Friday, March 12, 2010

Video Conferencing

I have nothing to say about any of my usual stuff today, but here are two videos to occupy you anyway, and you really need to see them, because they are both going to mess with your head in the best way possible.

First, a very strange conglomeration of teddy bears and pigeons and cars at the seaside set to some horrifyingly infectious music; the thing starts out very chipper and adorable--teddy bear waves hello!--and soon takes a violent turn (teddy bear batters pigeon with a light standard and then gets hit by a car), later becoming rather Dada with, eventually, a healthy dose of Escher. As it gets more and more complex, sort of like that Kylie Minogue video taken in a freakish and sinister new direction, it shovels increasingly enormous amounts of data into your head, and while I was sitting watching and listening to it, with a fan blowing at me (it was a warmish day) and the smell of a new perfume (one I'm trying to write about) wafting in my nostrils, I came as close as I have ever come to total sensory overload, which was a little scary but also very exciting.

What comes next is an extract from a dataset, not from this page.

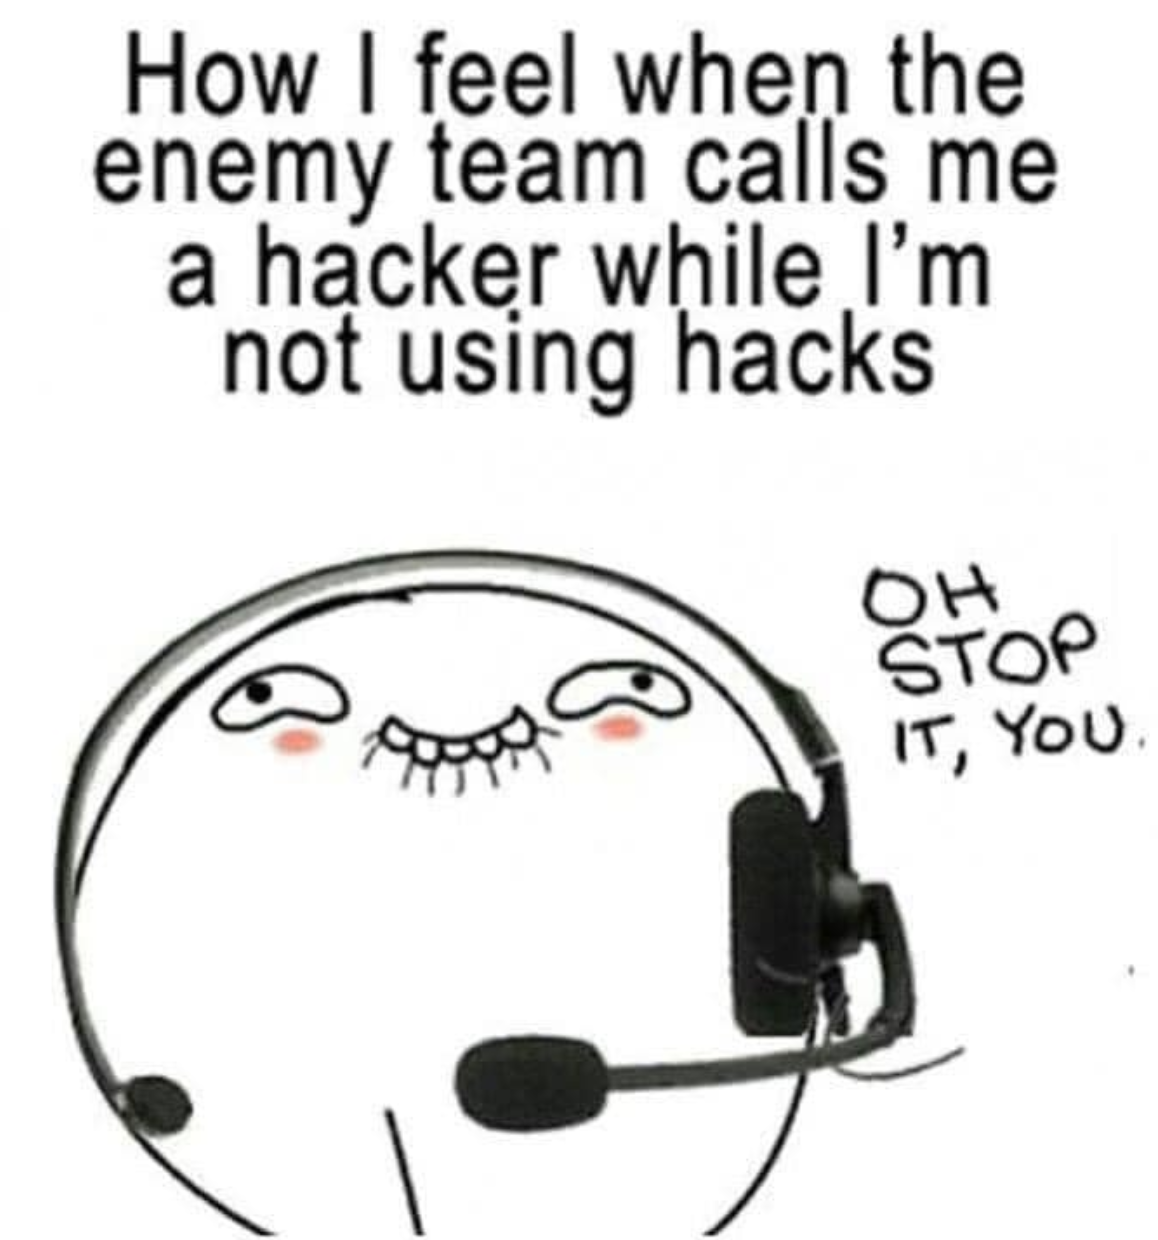 funny gaming memes - communication - How I feel when the enemy team calls me a hacker while I'm not using hacks Oh Stop It, You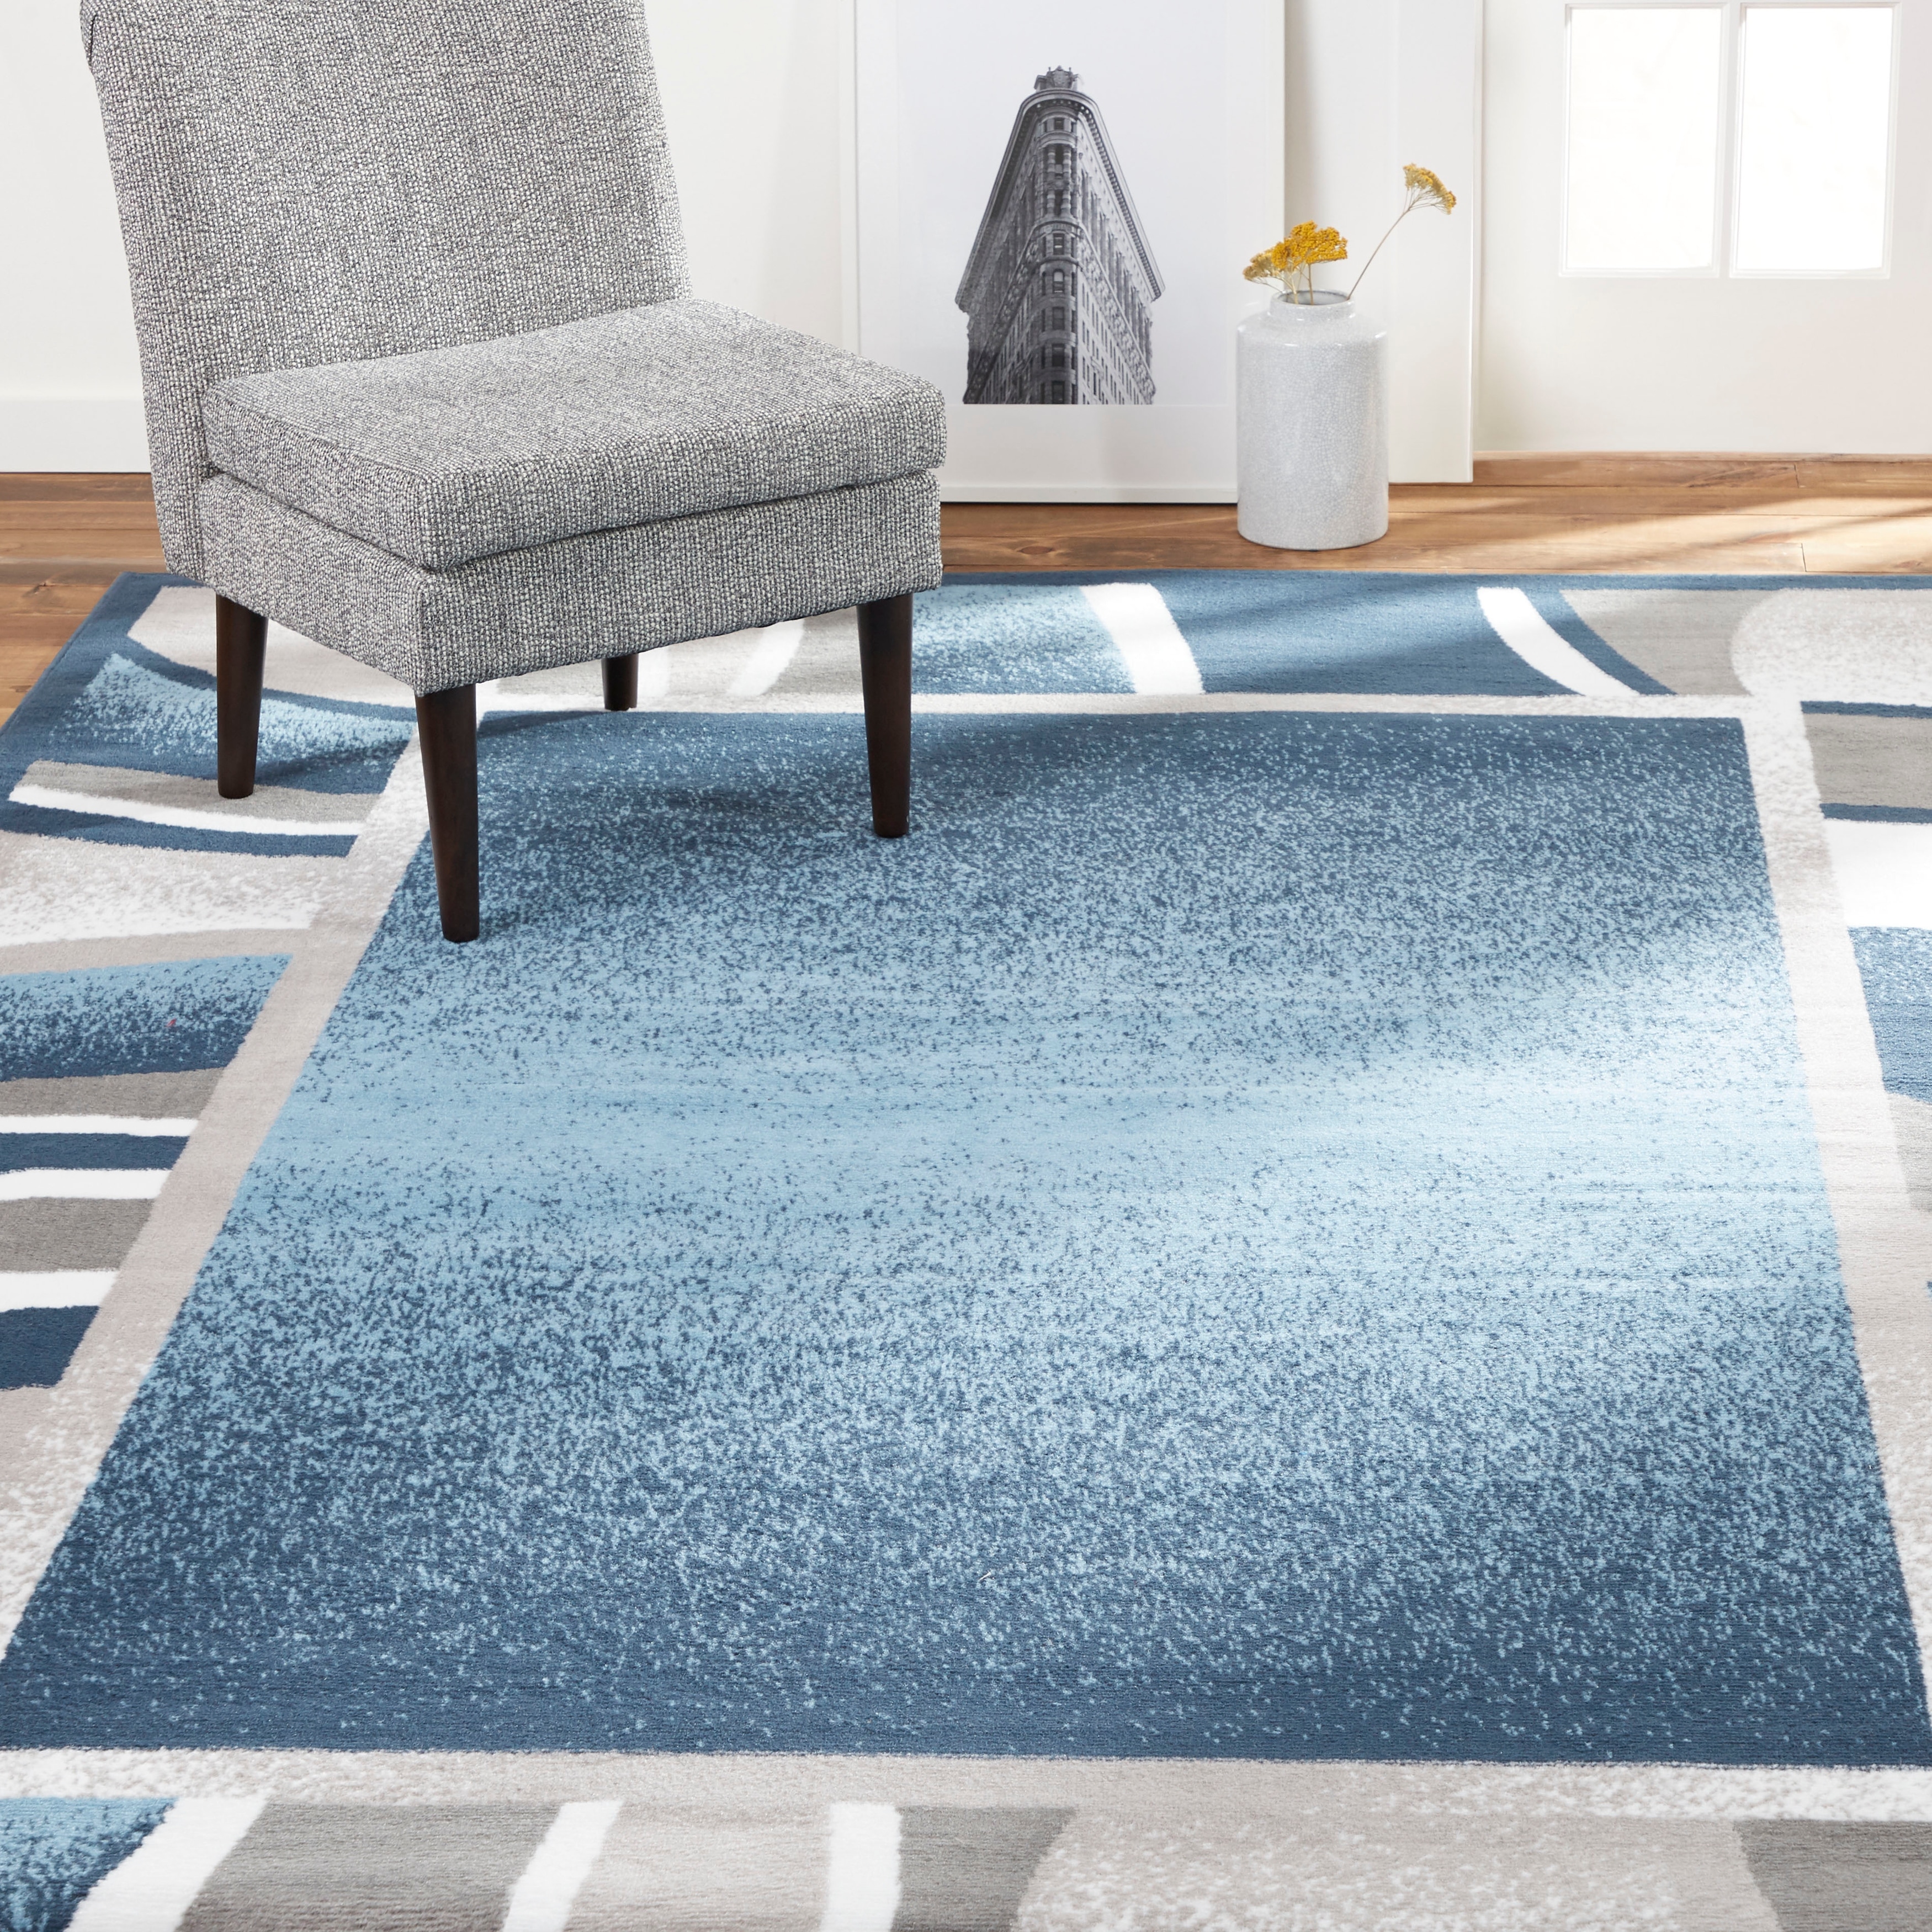 https://ak1.ostkcdn.com/images/products/is/images/direct/890a79aca77ec88f27937183c21d2ae07ab8482c/Home-Dynamix-Premium-Rizzy-Contemporary-Border-Area-Rug.jpg

And then the newest Lady Gaga video, "Telephone". I don't care if you don't like her. Watch it with the sound off, if you must. It's a hell of a thing, art-directed out to Jesus and back, referencing dozens of American movies--it's like something Quentin Tarantino would have made if he were gay.

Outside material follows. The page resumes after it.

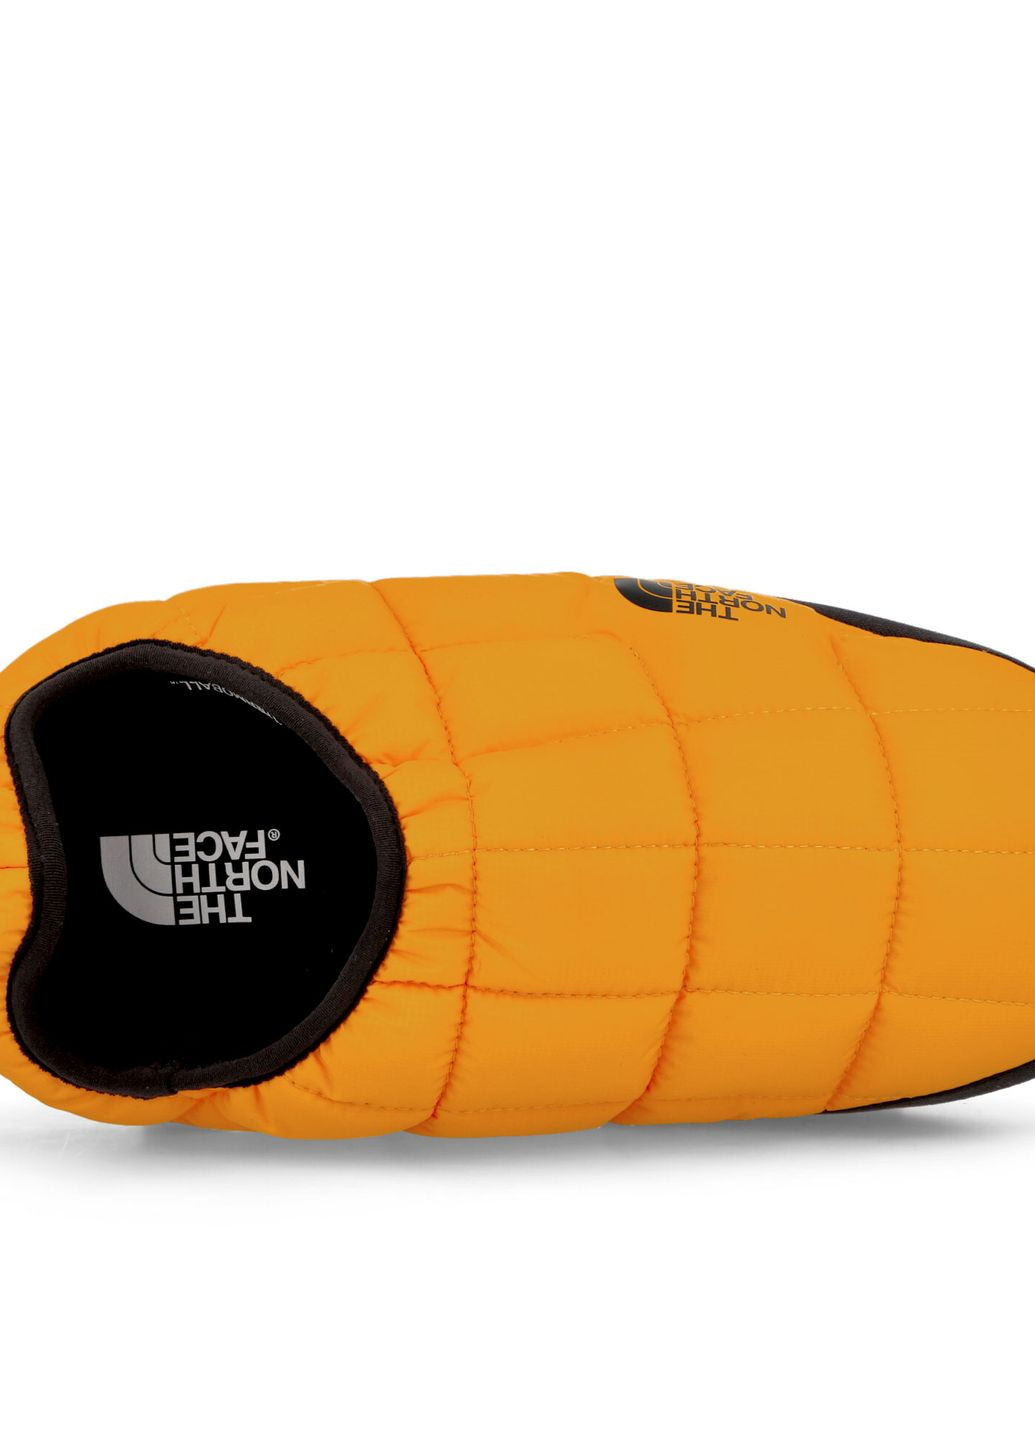 Тапки мулі The North Face thermoball ™ tent mule v (277161510)

Actually, as it turns out, I do have something to say about the sort of thing I usually have something to say about, because it occurred to me while thinking about that first video that even if you didn't know the source of it, you could guess that the word "pigeon" would absolutely have to be French. You can just tell. And of course it is. But here's what's interesting: before we stole "pigeon" from the French, we had another word for the bird, one which I had never heard before: "culver". In Old English it was "culufre", which looks French but actually isn't, although from the look of it, it must surely have been influenced by French spellings: that word comes from Latin "colomba", the Latin word for "dove" or "pigeon" (which is a sort of dove).